*** Opening of Material for this task ***

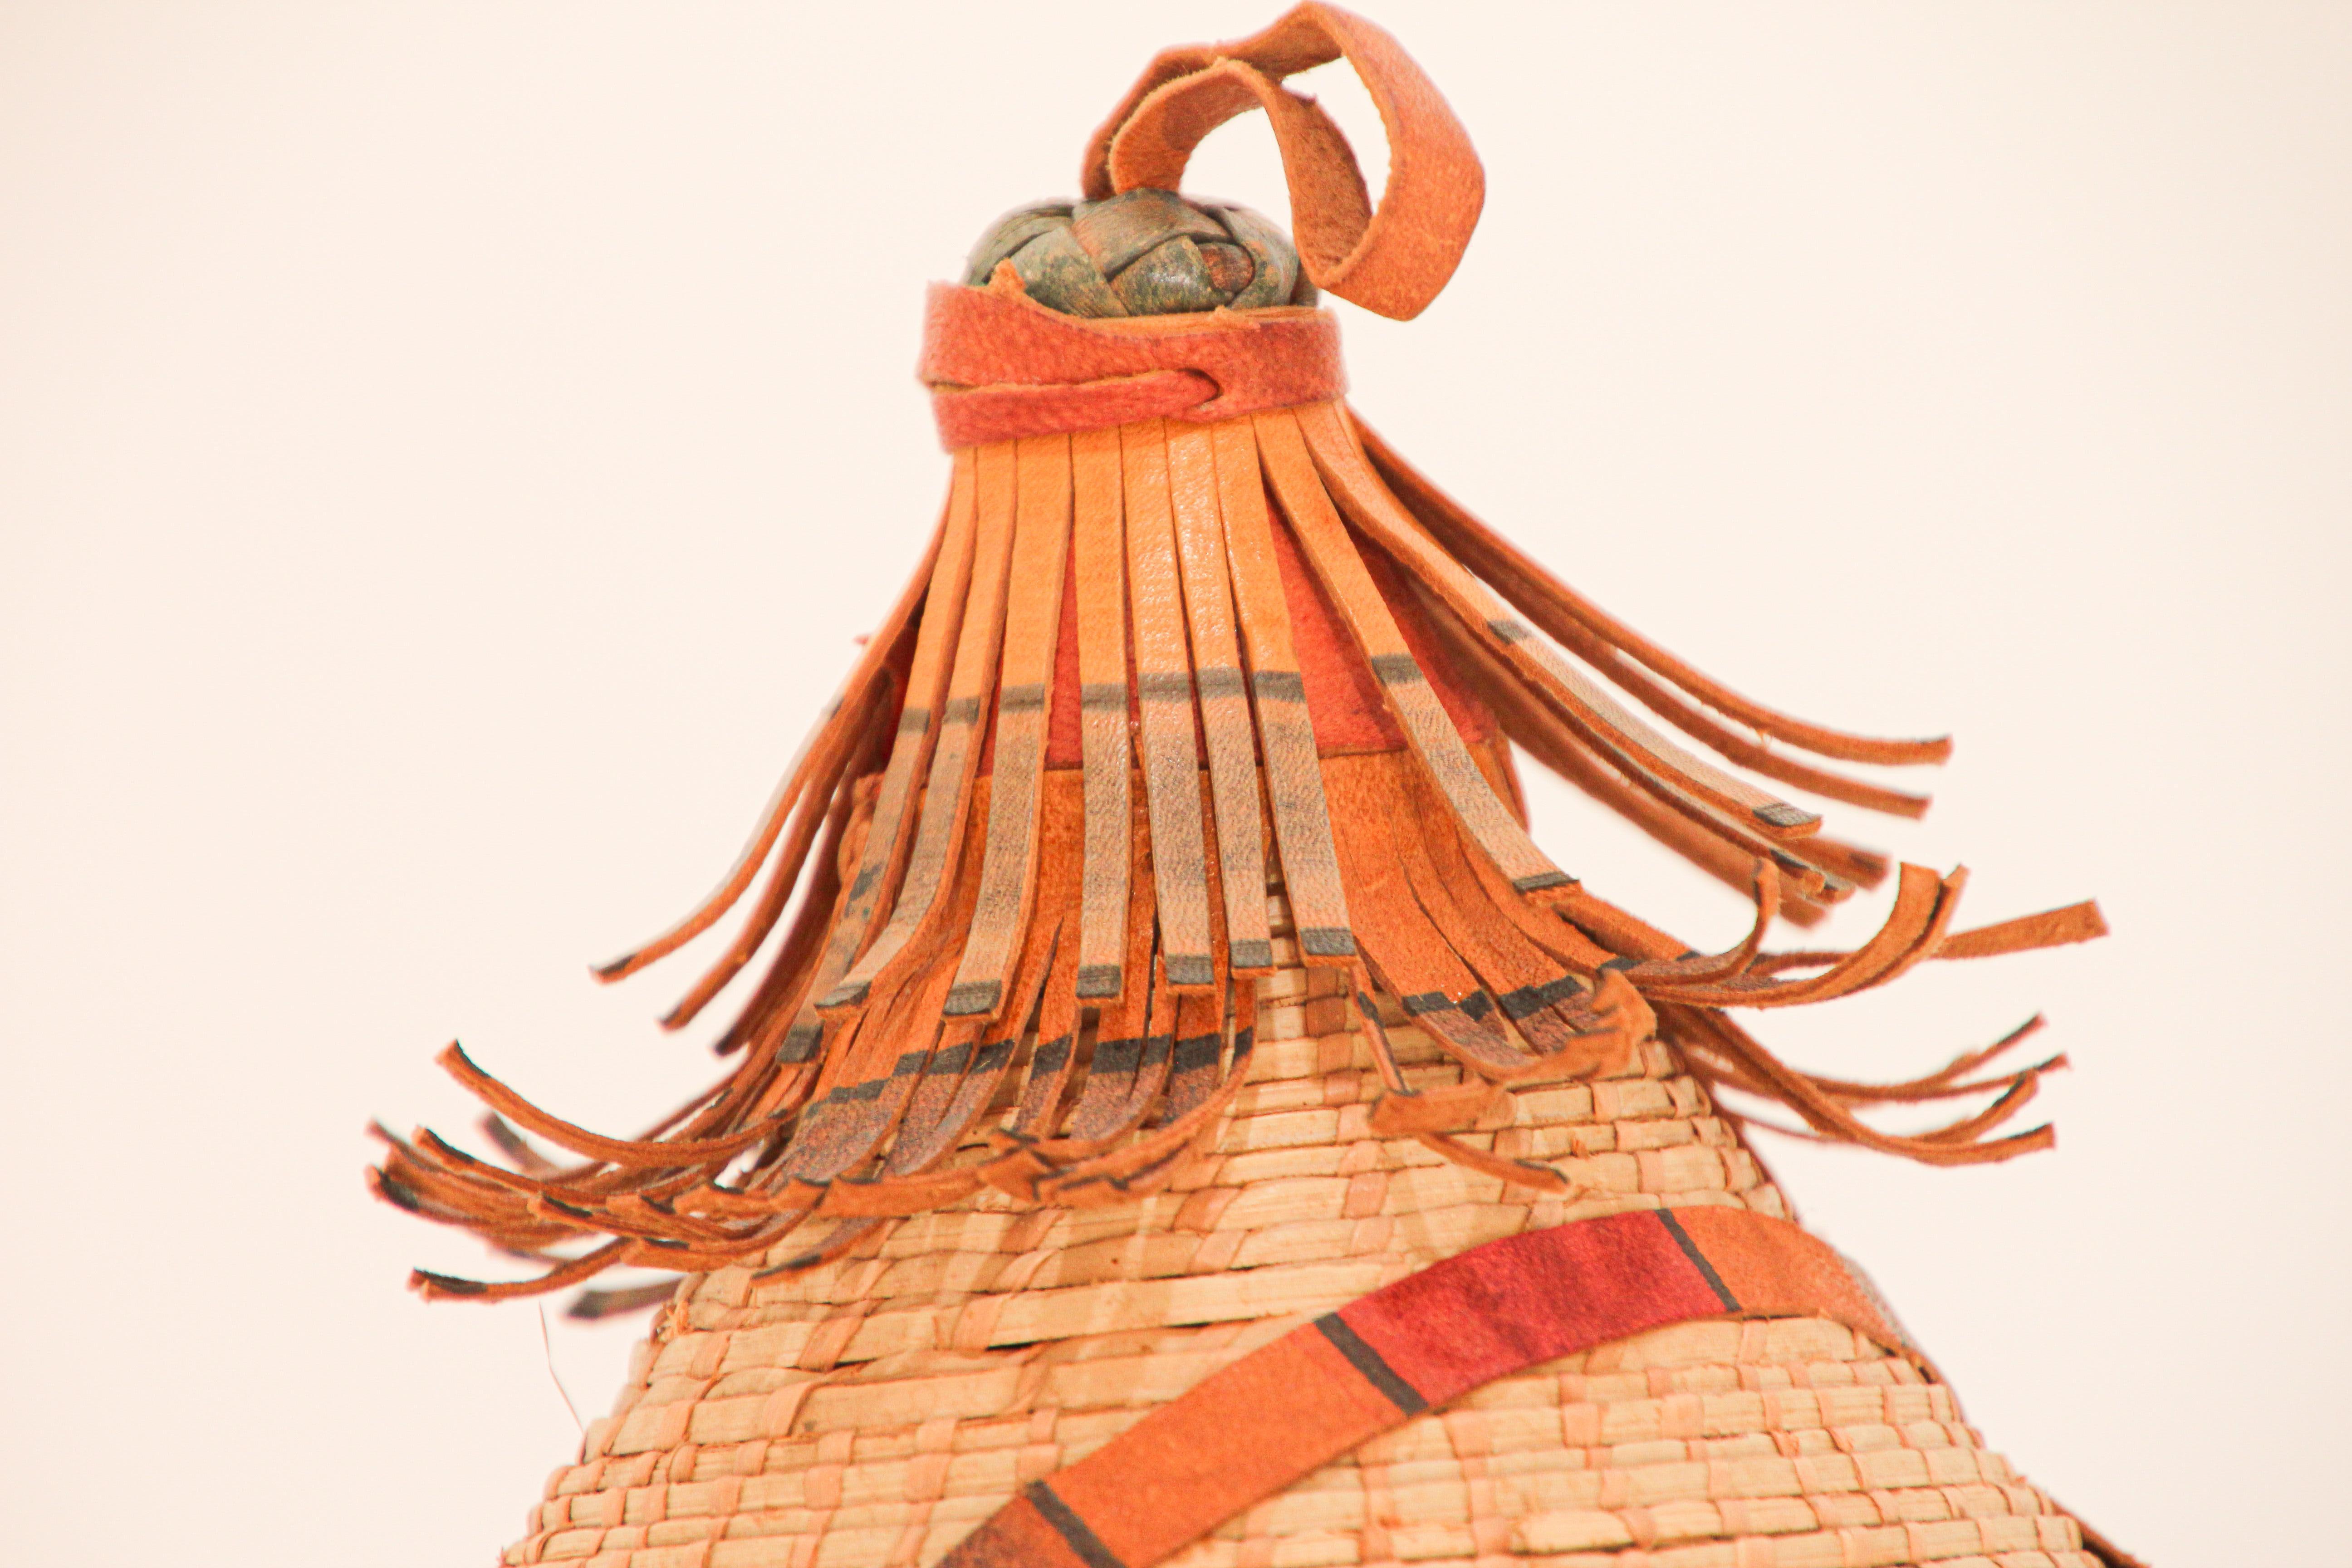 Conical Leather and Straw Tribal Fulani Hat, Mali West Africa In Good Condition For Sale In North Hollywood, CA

*** Close of Material for this task ***
*** Opening of Material for this task ***

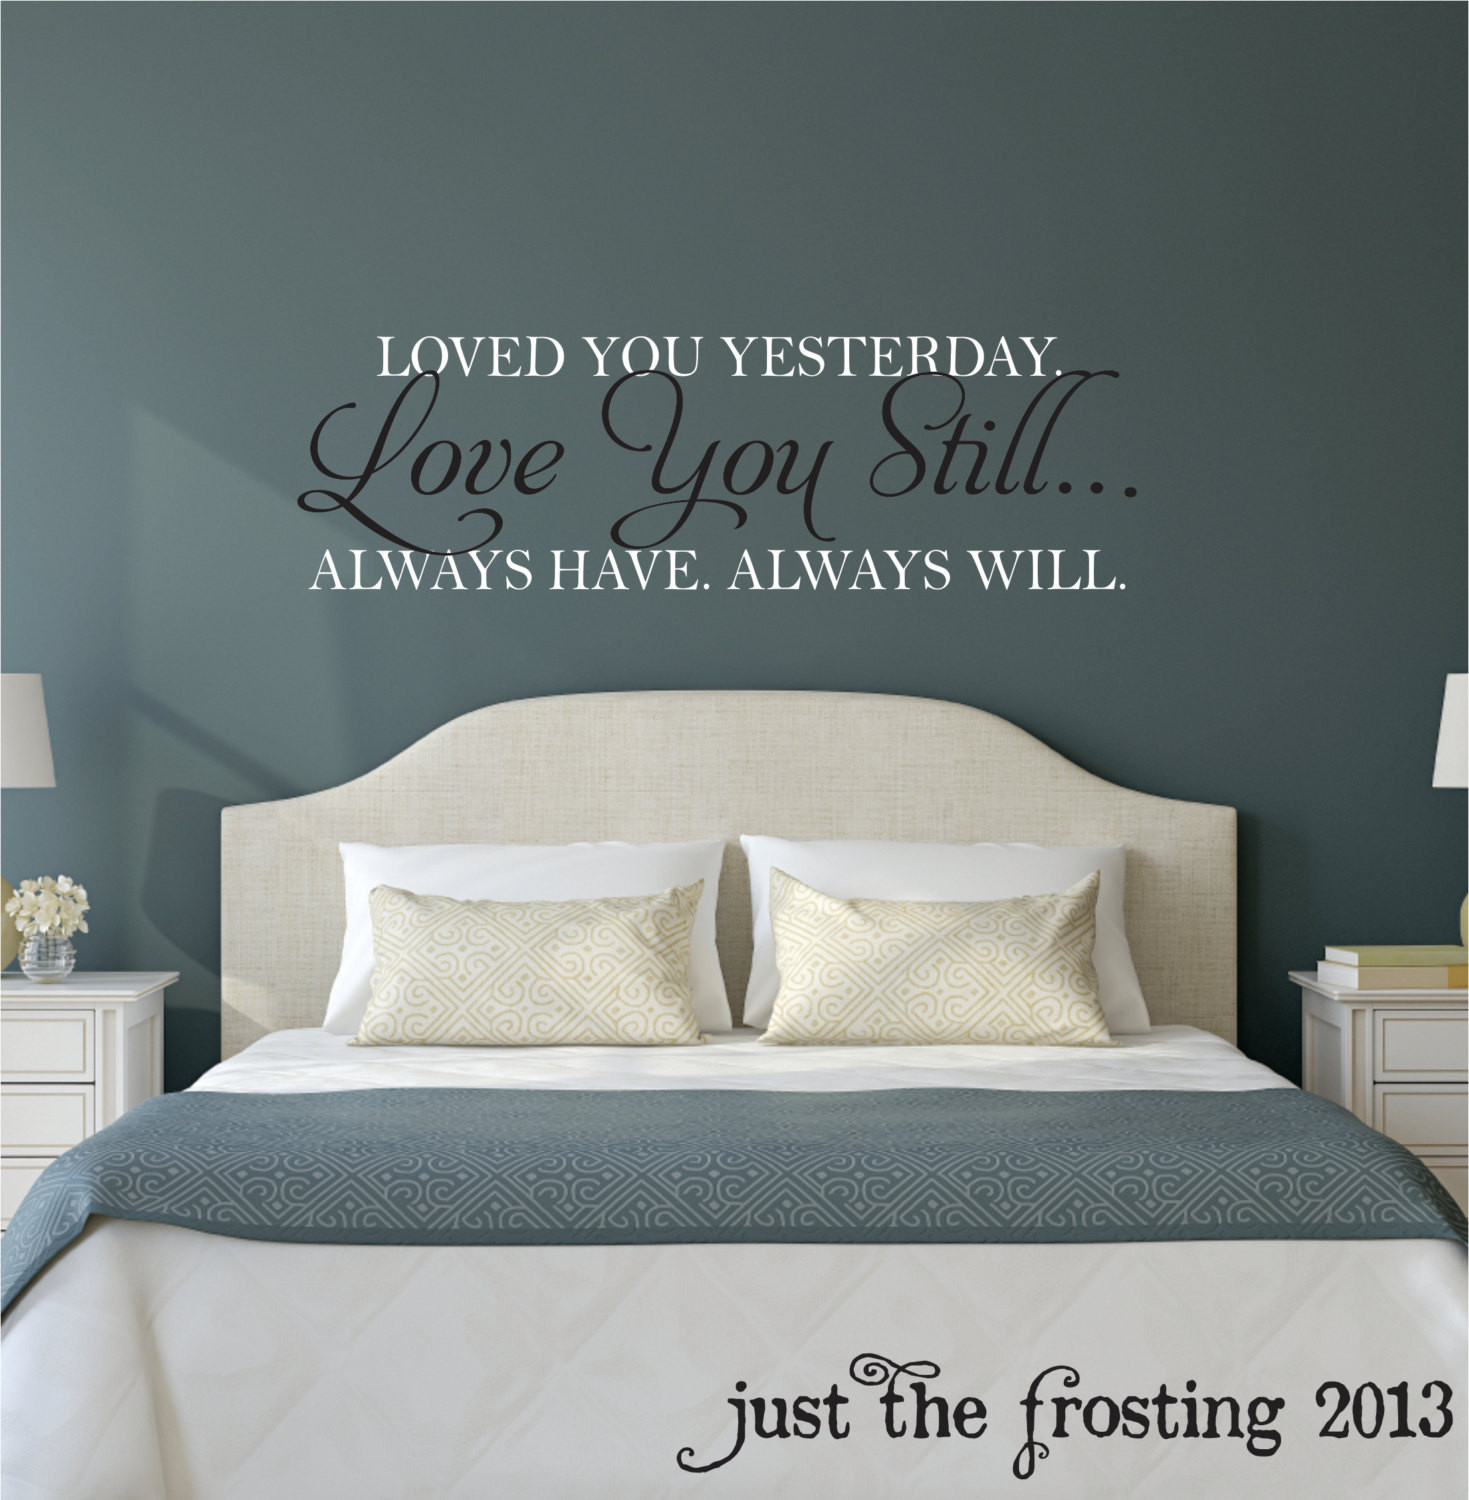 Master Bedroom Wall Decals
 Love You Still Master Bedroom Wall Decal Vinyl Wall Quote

*** Close of Material for this task ***
*** Opening of Material for this task ***

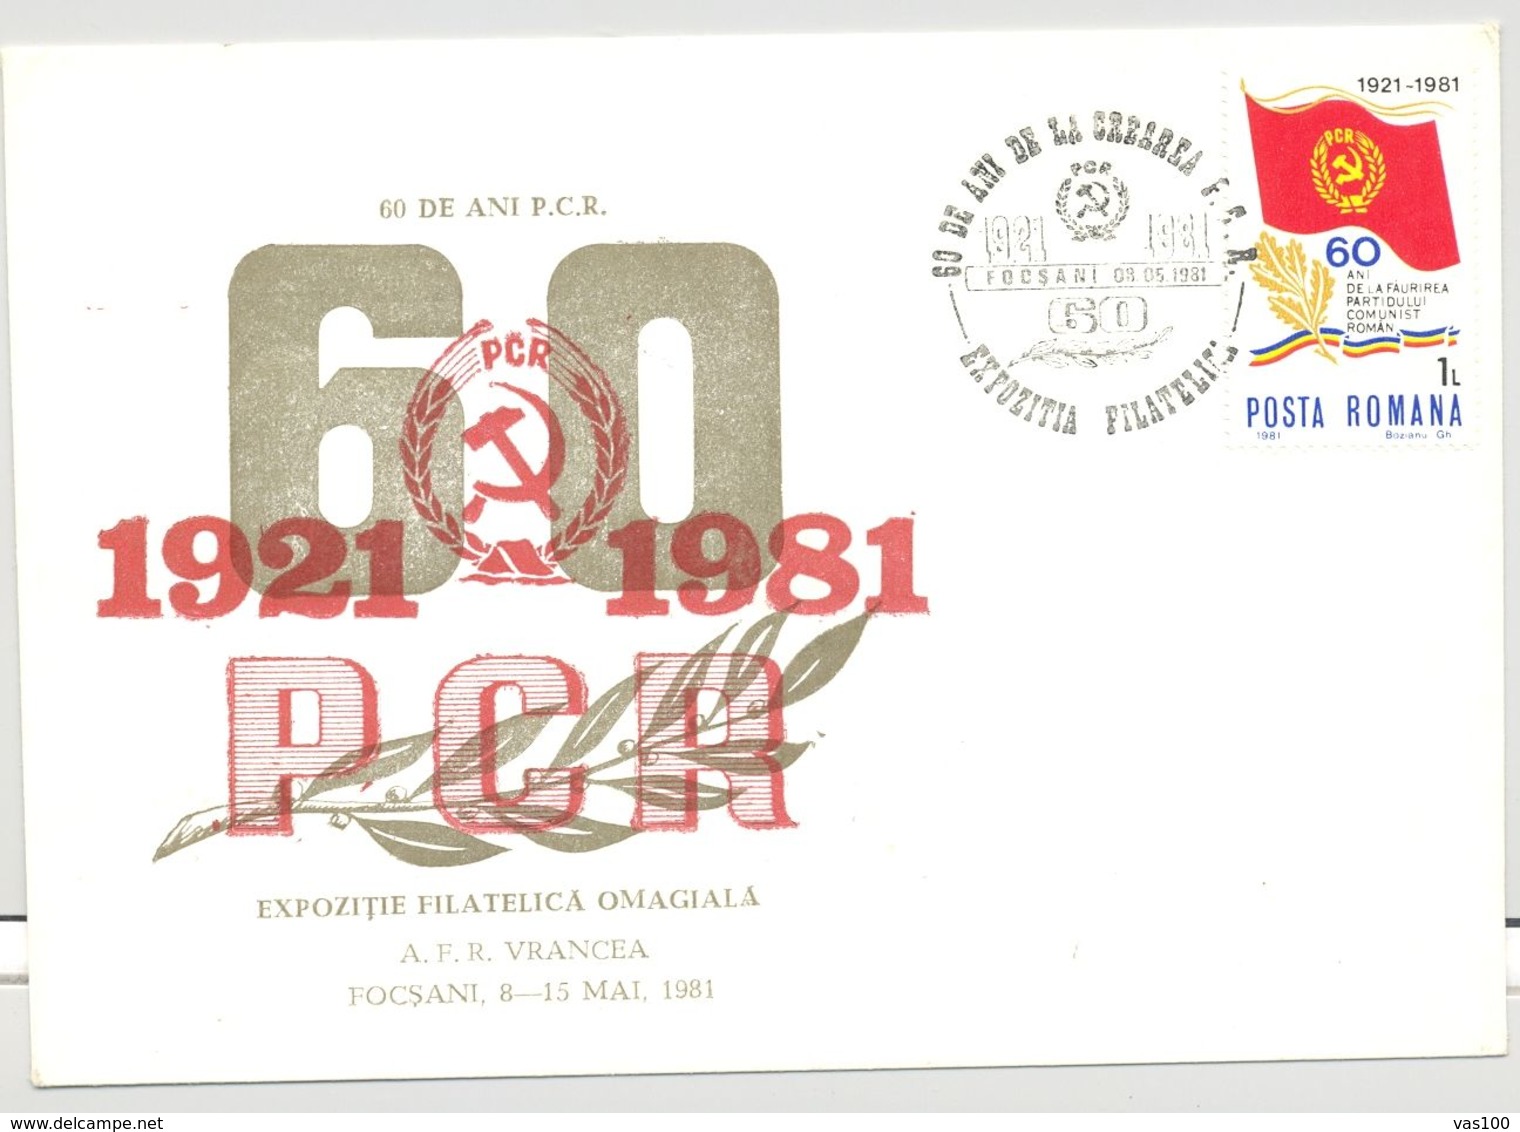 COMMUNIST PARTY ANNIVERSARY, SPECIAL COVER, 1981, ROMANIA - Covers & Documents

*** Close of Material for this task ***

What the task requires
Only the lines between the one with "Master Bedroom Wall Decals" and the one with "Love You Still", those two included, get copied from the material above. Keep it exact and free of pictures.

Answer to the exercise
 Master Bedroom Wall Decals
 Love You Still Master Bedroom Wall Decal Vinyl Wall Quote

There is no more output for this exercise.